Vertically integrated Chinese solar company Yingli Green Energy generated revenue of RMB 12,927.4 million ($2,083.5 million) in 2014, achieving a gross profit for the year of 53.4% on the back of soaring module shipments into the worlds leading solar markets.
Last years revenue actually came in slightly below that achieved in 2013 (which was RMB 13,418.1 million) due to a decline in revenues from the sale of PV systems caused by falling costs. However, the overall picture for the year was rosy, with profits hitting $360.7 million and losses down to just $34.7 million, equating to a negative 1.7% operating margin.
The fourth and final quarter of 2014 saw the company end the year strongly, with revenue of $555.5 million an increase on Q3, although slightly below Q4 revenue for 2013. Module shipments rose from 903. 4 MW in the third quarter of last year to 939.2 MW in Q4, well in line with Yinglis previous guidance.
Profit for Q4 was RMB 578.7 million ($93.3 million), a notable year-on-year increase in Q4 2013, profit hit RMB 451.7 million. Gross margin was 16.8% for the fourth quarter, with operating expenses way down year-on-year: in 2014, fourth quarter operating expenses were just RMB 778.7 million ($125.5 million), compared to RMB 1,045.9 million in Q4 2013.
Downstream development and outlook
Yinglis efforts to increase its downstream portfolio took a huge step in 2014, the company ending the year with more than 1.6 GW of PV projects in the pipeline at different stages of development right across China.
There were 73.7 MW of PV modules shipped in China for its own PV projects, adding to the total number of 260.6 MW of modules shipped over the course of 2014 for use in Yingli-backed PV installations.
In 2015, downstream shipments are forecast to reach anywhere between 400 to 600 MW, with a similar amount of PV forecast to be connected to the Chinese grid by Yingli this year.
Looking ahead, the company expects to ship PV modules in the range of 3.6 GW to 3.9 GW globally, an increase of between 7.1% to 16% compared to 2014.
"We are pleased to conclude another solid year in 2014, with full year module shipments hitting a record high of 3.3 GW and full year gross margin increasing to 17.3% from 10.9% in 2013, which was mainly attributable to our continuous efforts to diversify our market presence, reduce manufacturing cost and improve our profitability," said Yingli Green Energy chairman and CEO Liansheng Miao.

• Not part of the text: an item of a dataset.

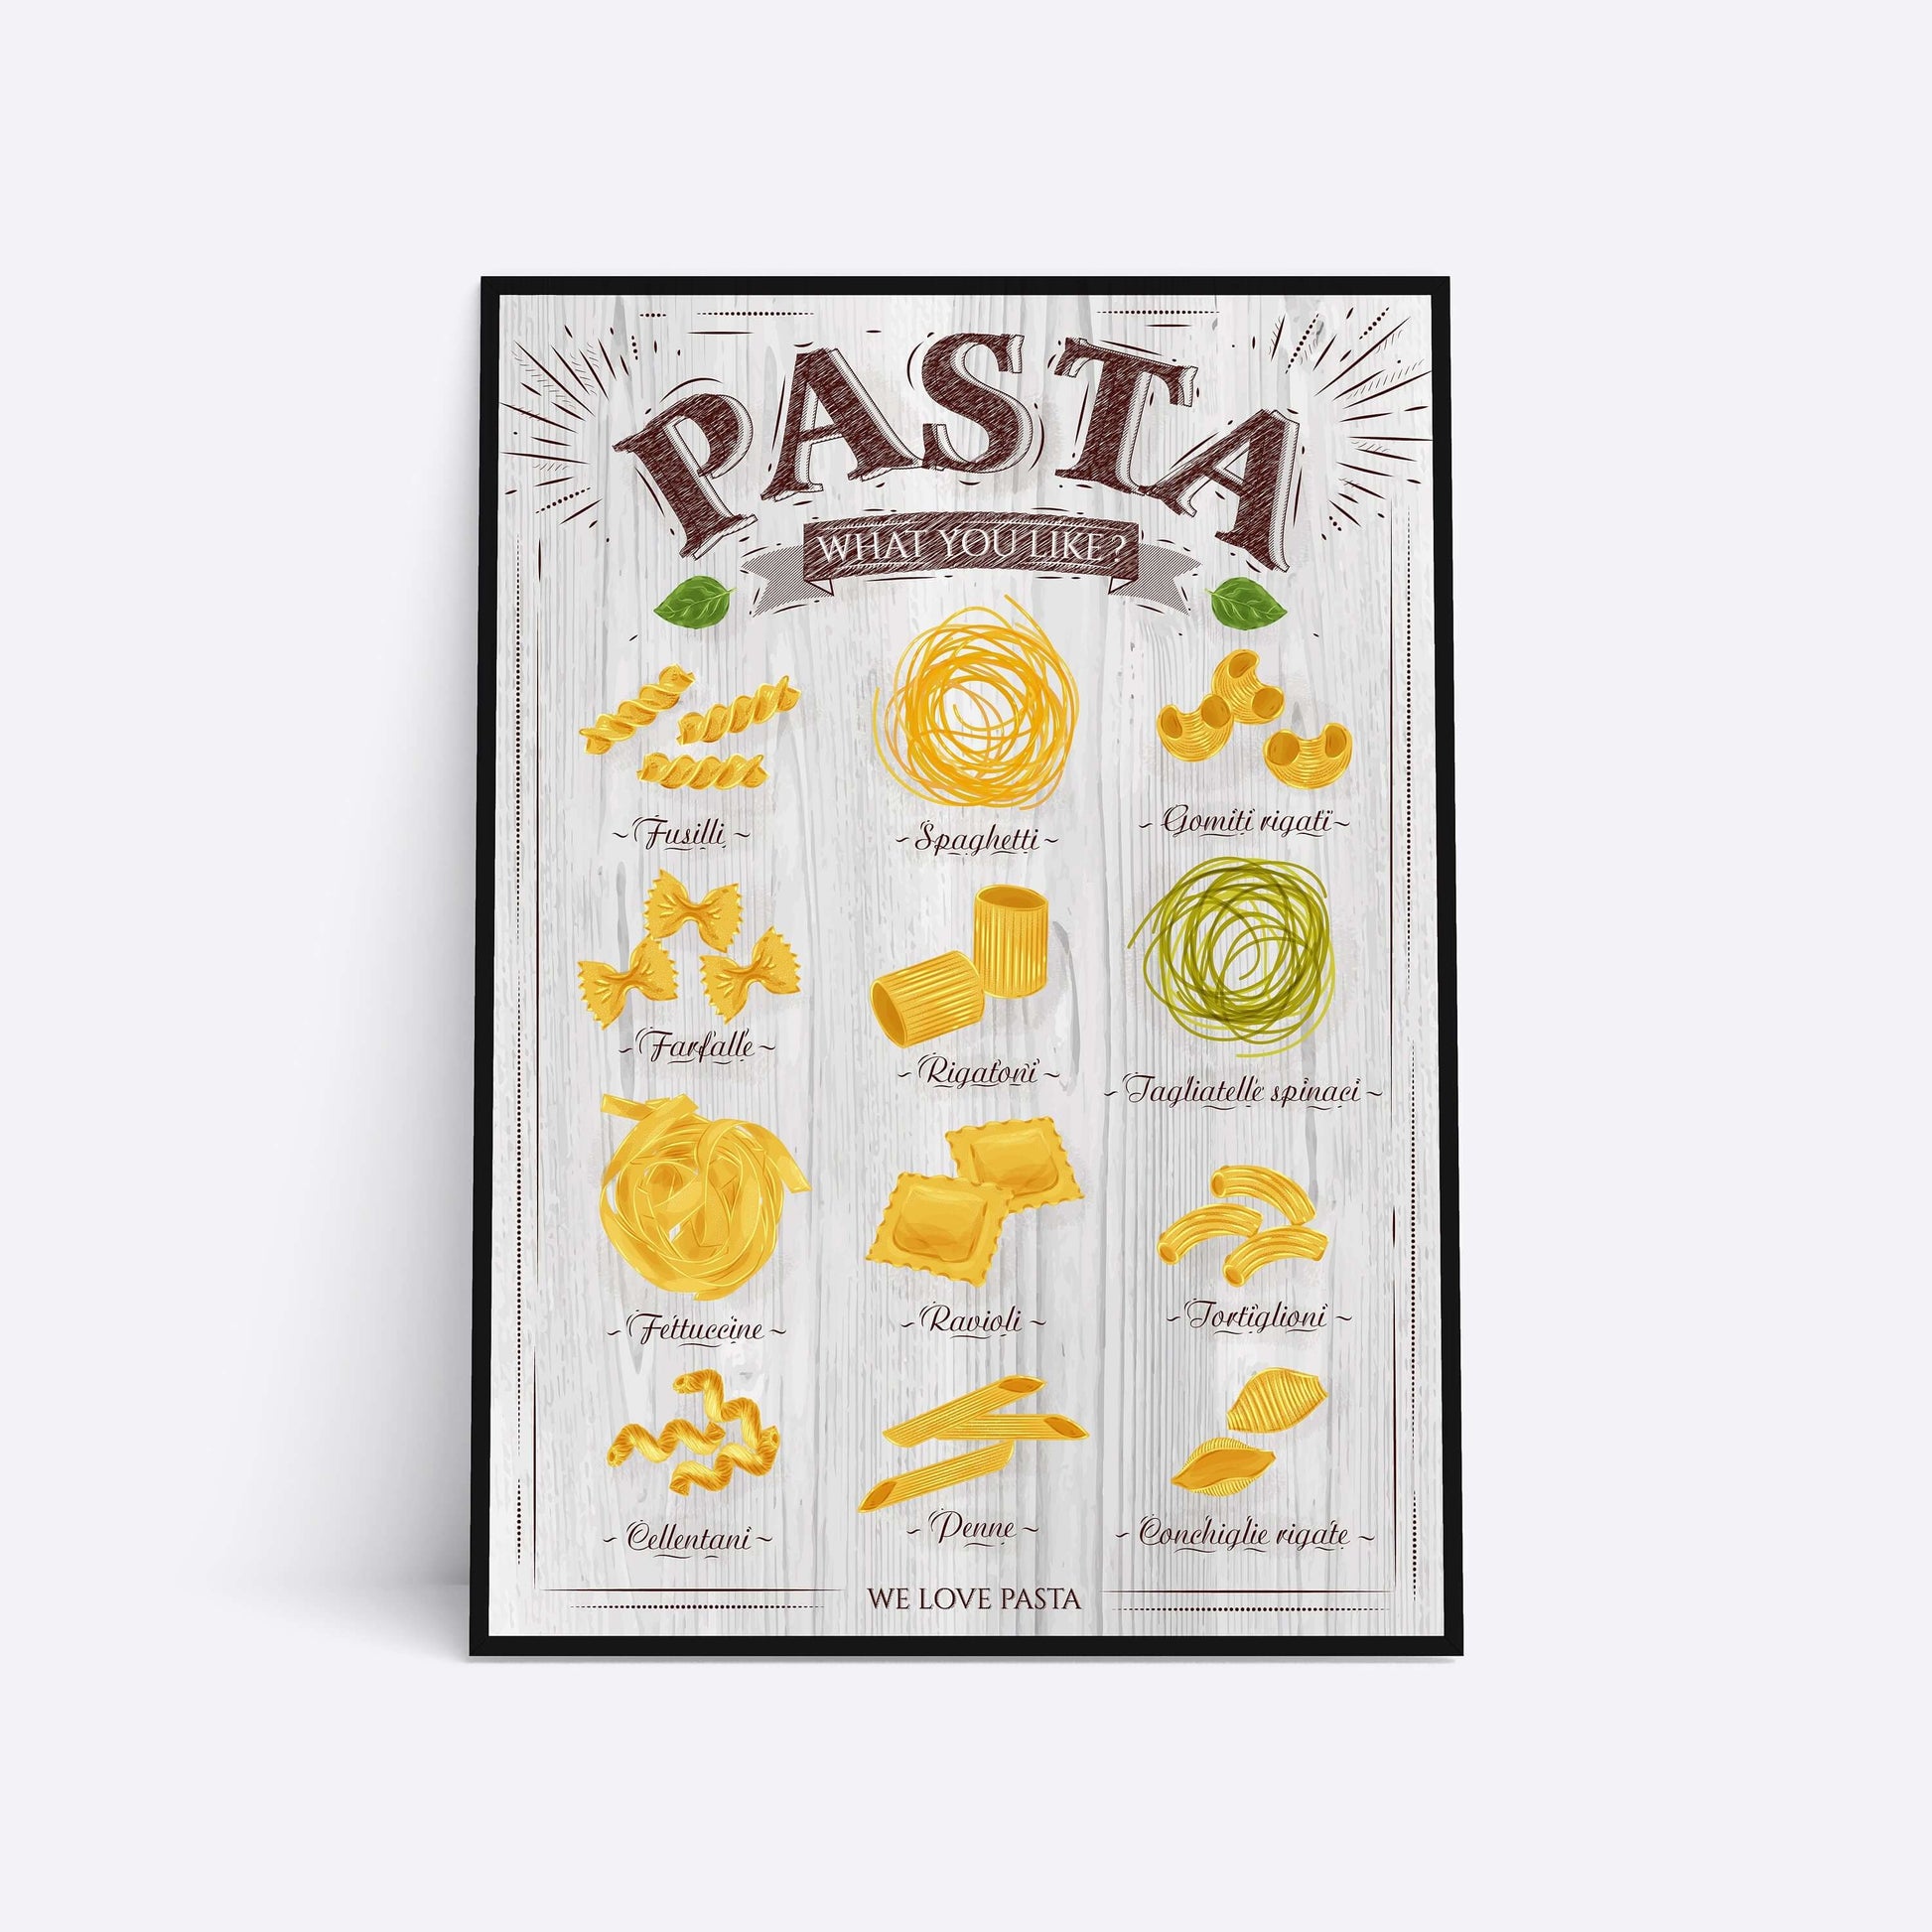 Pasta Guide Print, Pasta Guide, Types Of Pasta, Kitchen Wall Art, Kitchen Decor, Home Decor, Home Print, Wall Art

Miao added that Yinglis success continues to mirror the general growth of the global solar industry, with strong demand for its modules evident in its domestic market of China, as well as Japan, the U.S., Europe and other emerging markets.
China accounted for 37% of the companys total module shipments in 2014, while demand from Japan grew 50%. "In the U.S.," Miao revealed, "we had a solid year, notwithstanding the uncertainty brought by the new trade case."
Europe continued to play an important role, the CEO said, while new and emerging markets such as South Africa and Latin America proved profitable for the company with 490 MW shipped to these markets, representing a 90% year-on-year increase. "Given our strong brand recognition and high-quality PV modules and services, we became the sole solar panel supplier for the largest solar power projects in Malaysia, Bolivia and Honduras," said Miao.
The CEO added that the company is encouraged by the news that Chinas National Energy Administration (NEA) has increased the countrys official solar installation target to 17.8 GW for 2015, adding that Yingli is "well positioned to seize this great opportunity".